All NWP data were stored in Oracle DB, and plant locations were used as indices to fetch all required data with a single SQL query per batch, drastically reducing network round-trips.

Furthermore, instead of using Python’s DB-API (execute(), executemany()), we adopted the Apache Arrow–based python-oracledb DataFrame API, which directly materializes large DB results into NumPy arrays. This avoids Python object creation, achieving near-zero-copy efficiency.

📂 The Power of Structure, Proven by Numbers

After resolving the above bottlenecks, v2 improved data loading performance by several orders of magnitude. This contributed directly to overall pipeline acceleration.

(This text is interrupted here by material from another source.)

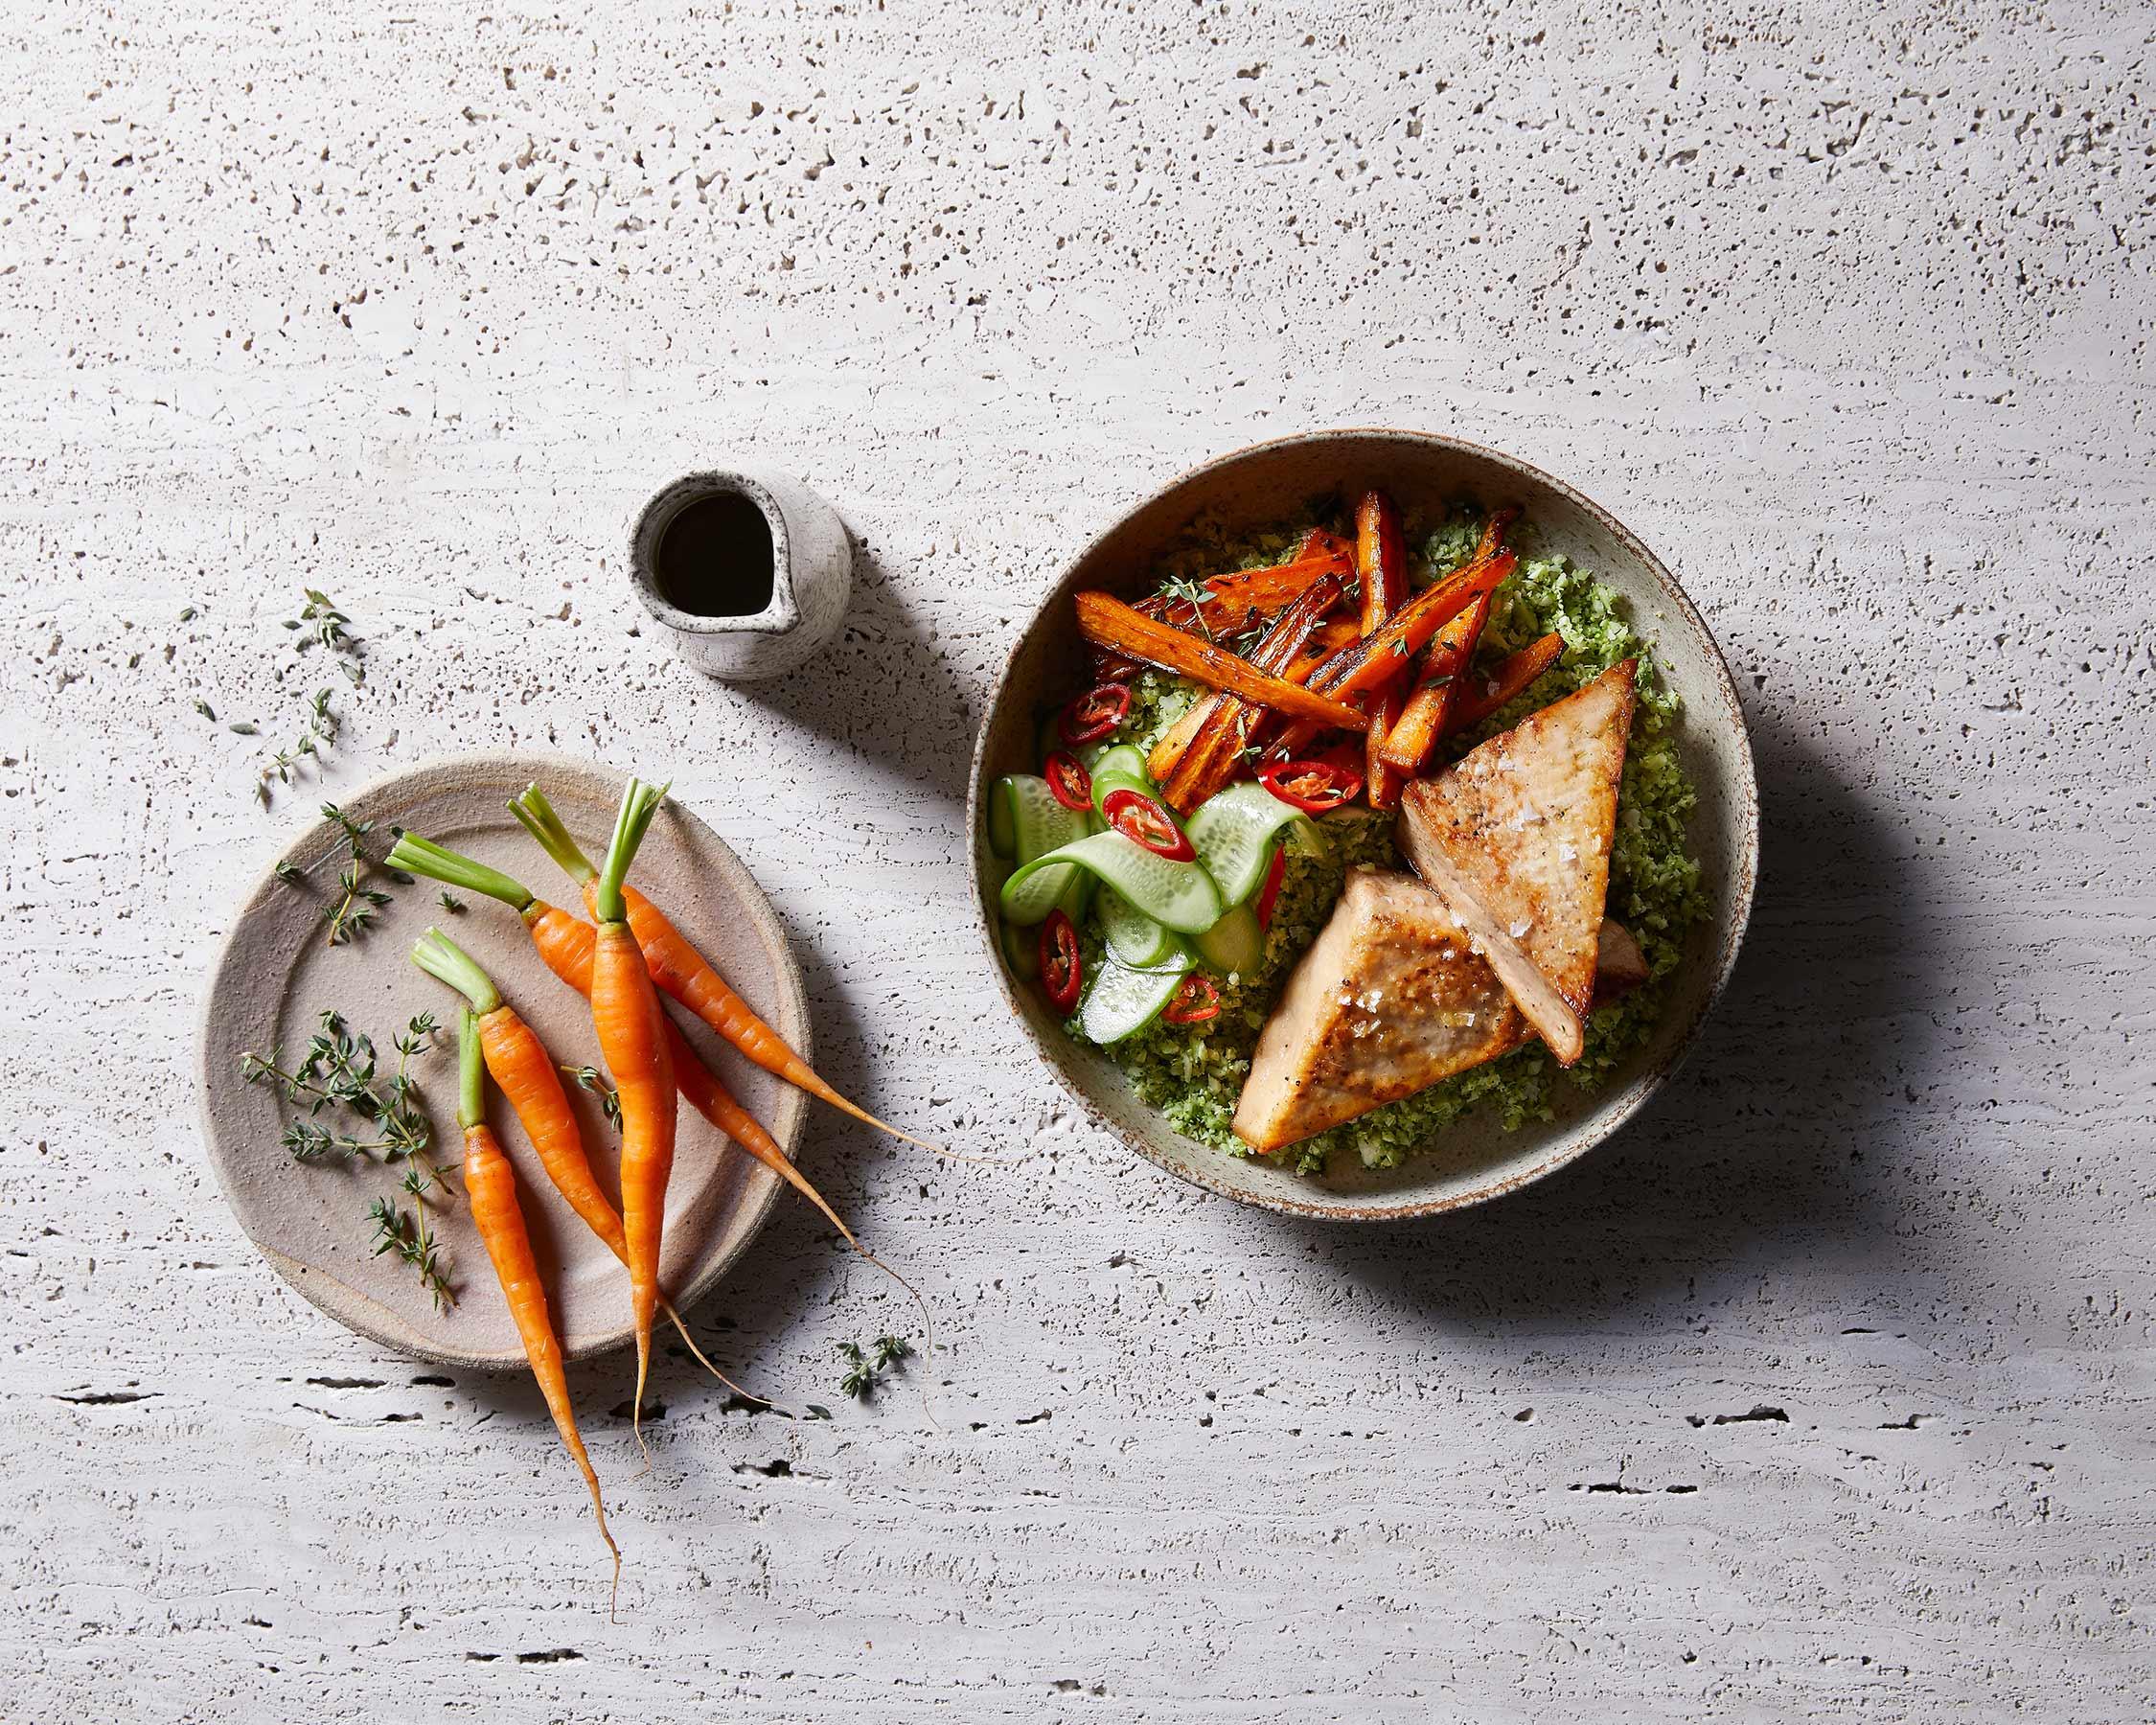 surch broccoli rice tofu

Comparing v1 and v2:

Category	Approach	Processing Time	Lines of Code
v1	Python for-loops per plant	>1 hour	~1,200
v2	Vectorized operations and simplified structure	~3 minutes	~400

With full utilization of 24 CPU cores, v2 completes the forecast in 3 minutes—about a 20× speedup.
Equally important: reducing 1,200 lines of complex, fragmented code to 400 lines of clean vectorized logic.
We achieved both performance and maintainability.

📂 If You Want to Solve Problems Like This…

In real-world systems, it’s not enough to know how a service runs, but how well it runs. As product scope expands, broader engineering insight becomes essential.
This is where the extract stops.